García ha destacado la “línea cordial y amistosa” de ambas instituciones para culminar los contactos y ha destacado la validez del Plan Rector de Uso y Gestión del Parque Nacional de Las Tablas de Daimiel (PRUG), que entrará en vigor a principios de enero y que marcará el futuro y conservación del espacio, actualmente con un 25% encharcado (500 hectáreas).

Precisamente, el PRUG contempla medidas, ha destacado García, para afrontar situaciones hídricas deficitarias para mantener el funcionamiento del humedal, la calidad de su agua y los recursos naturales, aunque “esperaremos a ver si llueve en enero y febrero”.

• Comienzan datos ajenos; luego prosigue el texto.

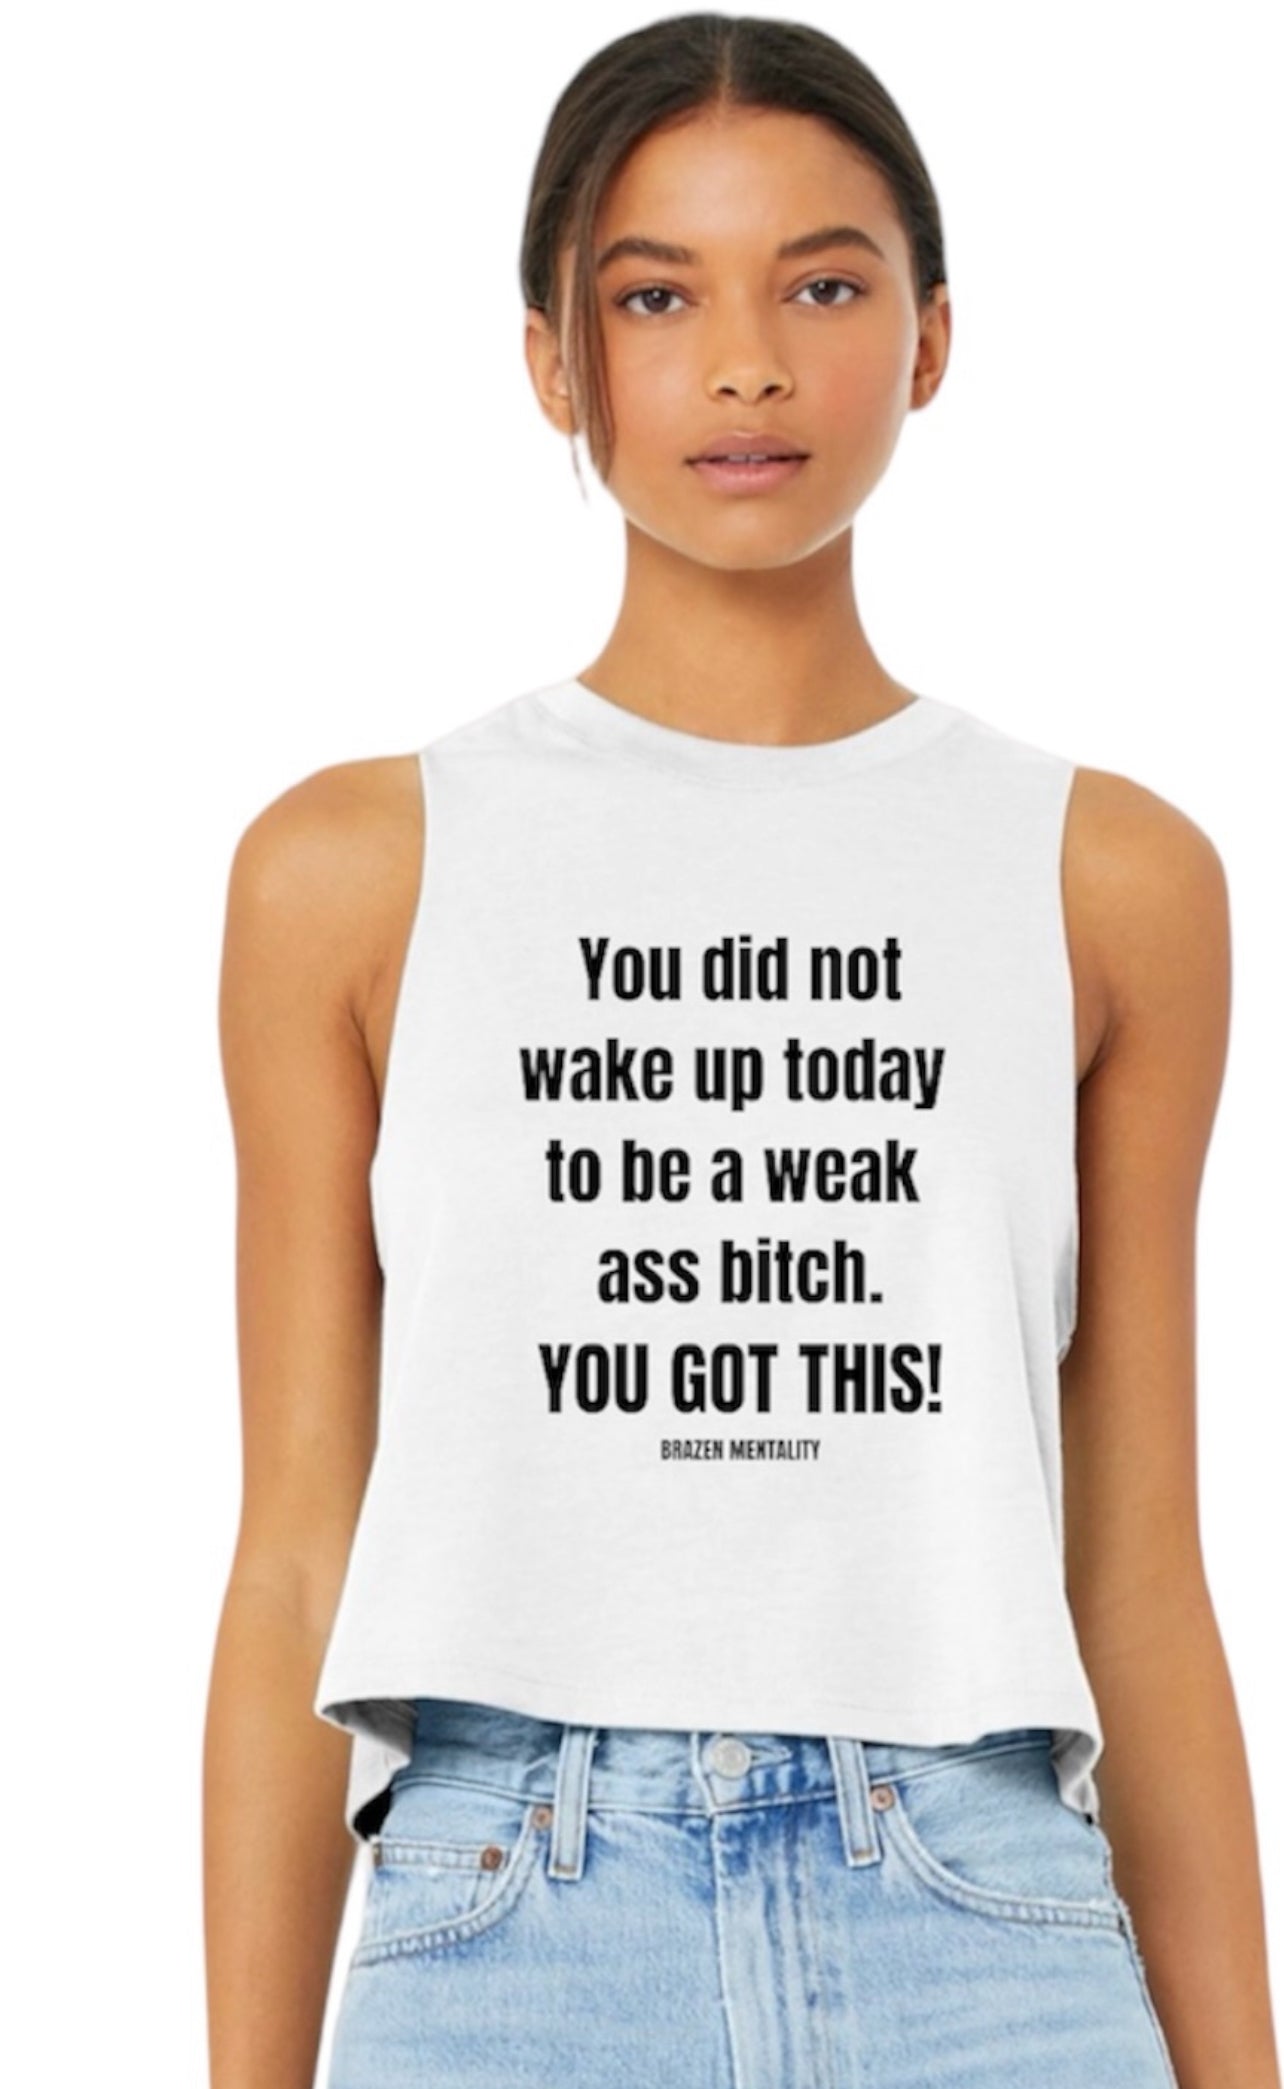 You did not wake up today to be weak

Por ello, a principios de enero crearán la comisión de seguimiento del parque para activar medidas necesarias en cada momento y que “el parque no se quede sin agua”.

Incertidumbre

Con argumentos más críticos se ha mostrado el portavoz regional de Ecologistas en Acción, Miguel Ángel Hernández, quien ve “mucha incertidumbre” en el proceso de cambio de manos y en la posterior gestión de los parques nacionales.

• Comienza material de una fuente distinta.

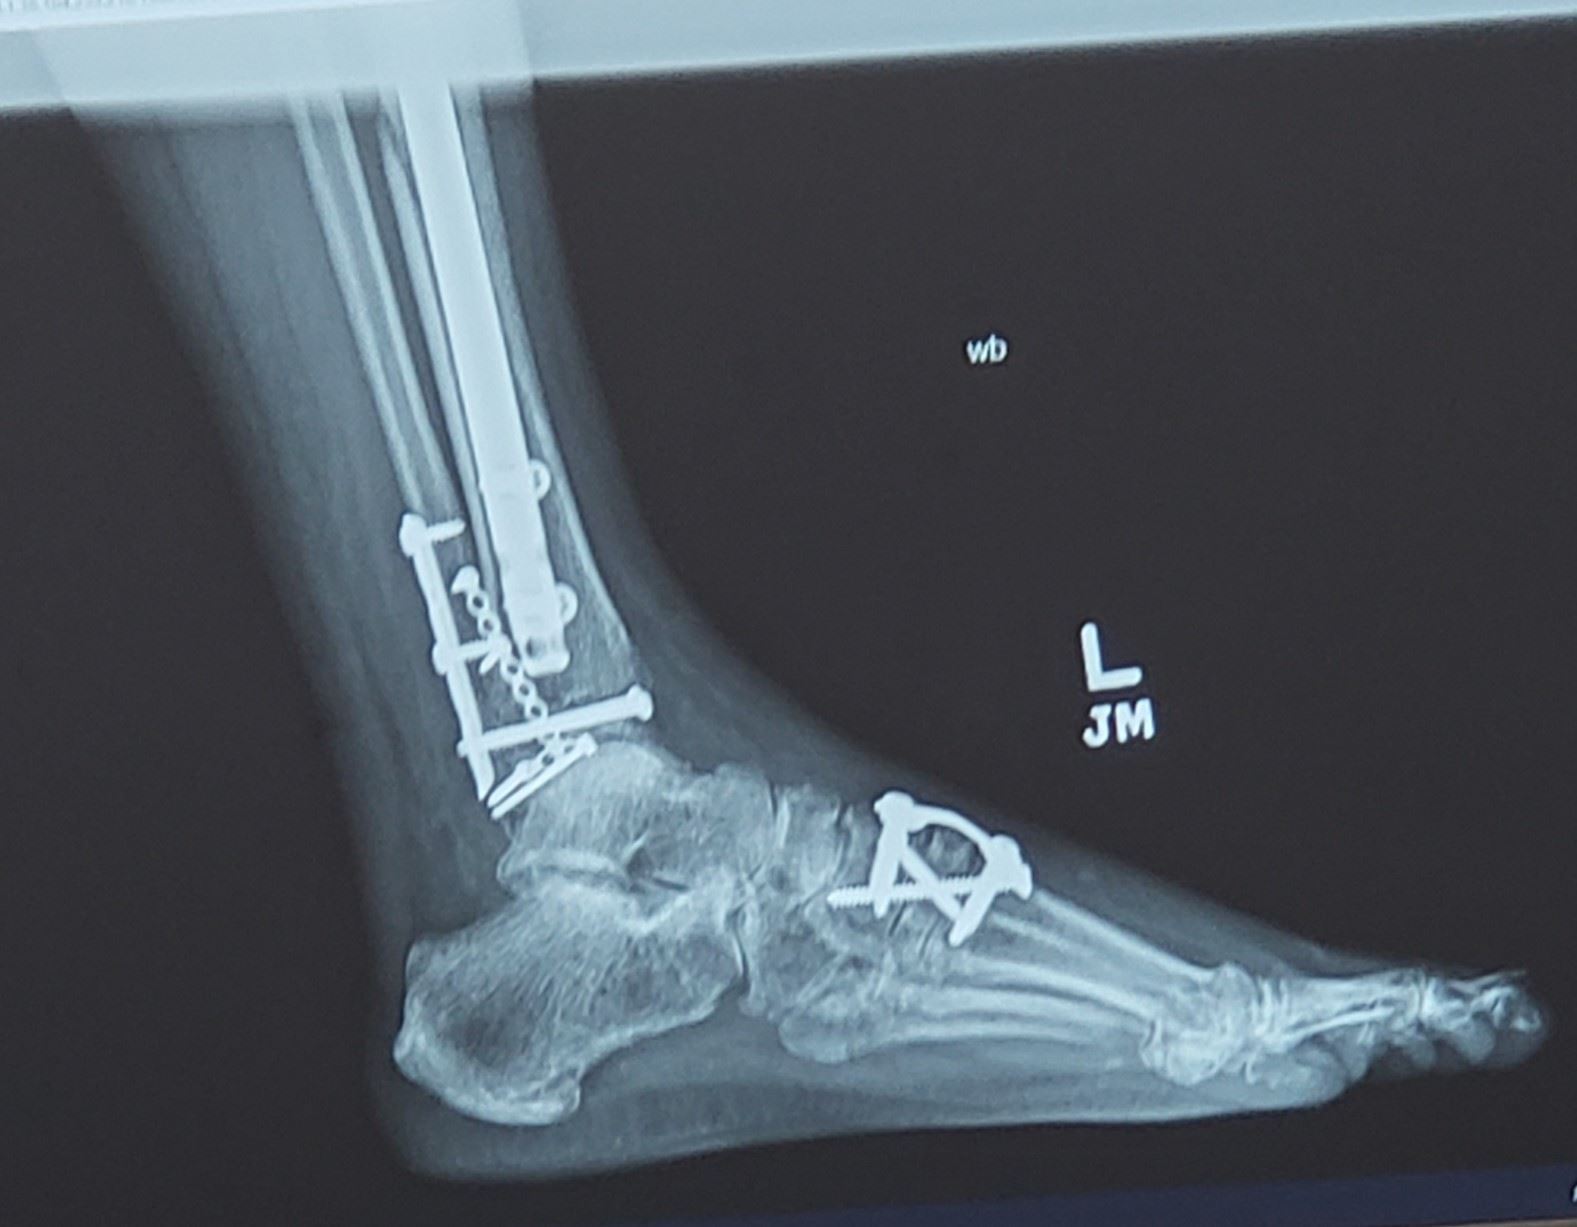 X-ray of patient's foot with screws and hardware

“Creemos que la red estatal, ha sostenido, debe tener coherencia en cuanto al modelo de gestión y la exigencia de medios, y hasta ahora las comunidades autónomas no han cumplido con este modelo”.

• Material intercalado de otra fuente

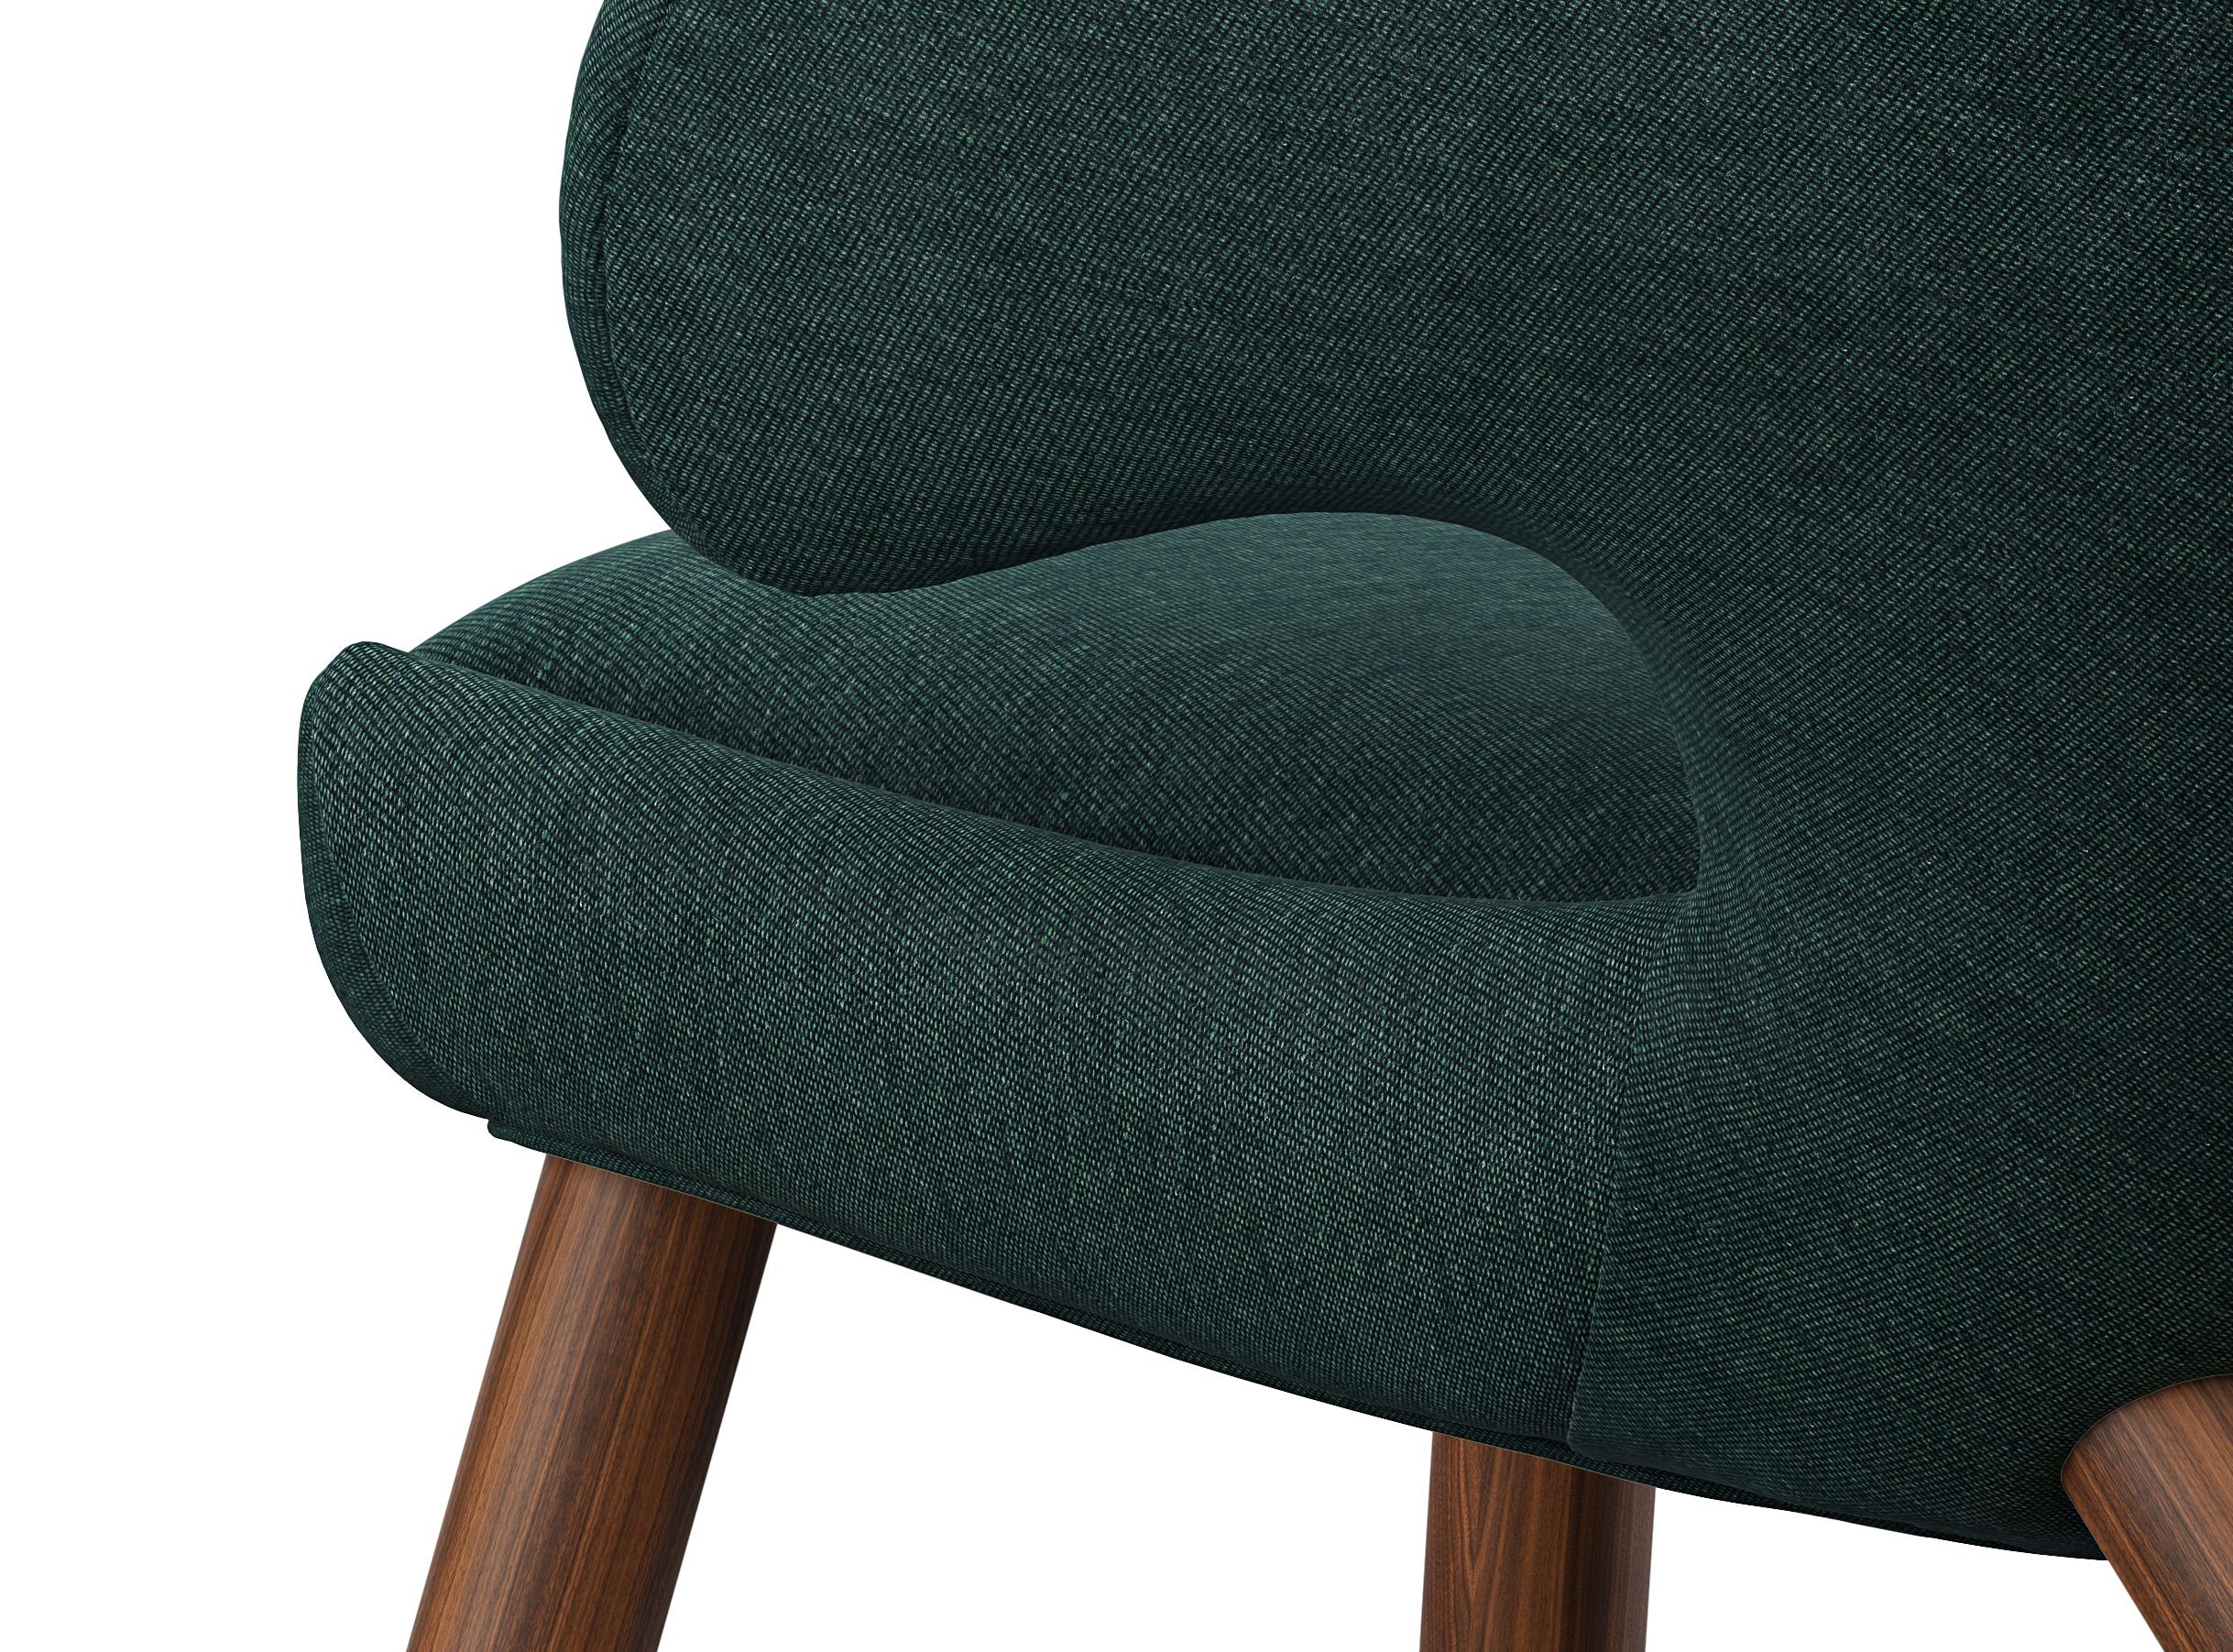 Contemporary Set of Four Finn Juhl Pelican Chair Upholstered in Wood and Fabric

Hernández es consciente “del imperativo legal que hay desde 2004”, si bien ha manifestado que la subsumisión de la gestión conllevaría una “pérdida de calidad” en los dos espacios castellano-manchegos, a tenor de las experiencias “no muy positivas” que la organización ha constatado en otras comunidades, al no implementarse políticas específicas para dichos núcleos emblemáticos.

Tras reconocer “el derecho” que tienen gobiernos regionales como el de Castilla-La Mancha a reclamar este traspaso, el portavoz de ecologistas en Acción ha insistido en que “nos provoca incertidumbre y muchas dudas” que la Junta va ya tener “determinación para defender a los parques de las amenazas”.

A su juicio, la Administración regional “pone freno a las iniciativas de control” de estos espacios, pues “sigue permitiendo actividad cinegética en Cabañeros, y sobreexplotación en el uso del agua en las Tablas de Daimiel”.

En el caso de Cabañeros, “no ha actuado correctamente ante las peticiones de las grandes fincas, que han hecho vallados ilegales, e incluso han mejorado una vía pecuaria para tener acceso” que dañan al espacio protegido, mientras que en el humedal daimieleño Hernández se ha mostrado molesto porque Agricultura no haya impulsado un plan para reducir el consumo de agua y par arecupera el acuífero. “Siempre echan balones fuera y dicen que es responsabilidad de la Confederación Hidrográfica del Guadiana”, ha aducido.

Por tanto, el cambio de gestión “no es simplemente un papel y un traspaso de presupuestos”, sino “un compromiso” que conllevaría “responsabilidades y la definición de una estrategia”, además de medios técnicos y plantillas medioambientales.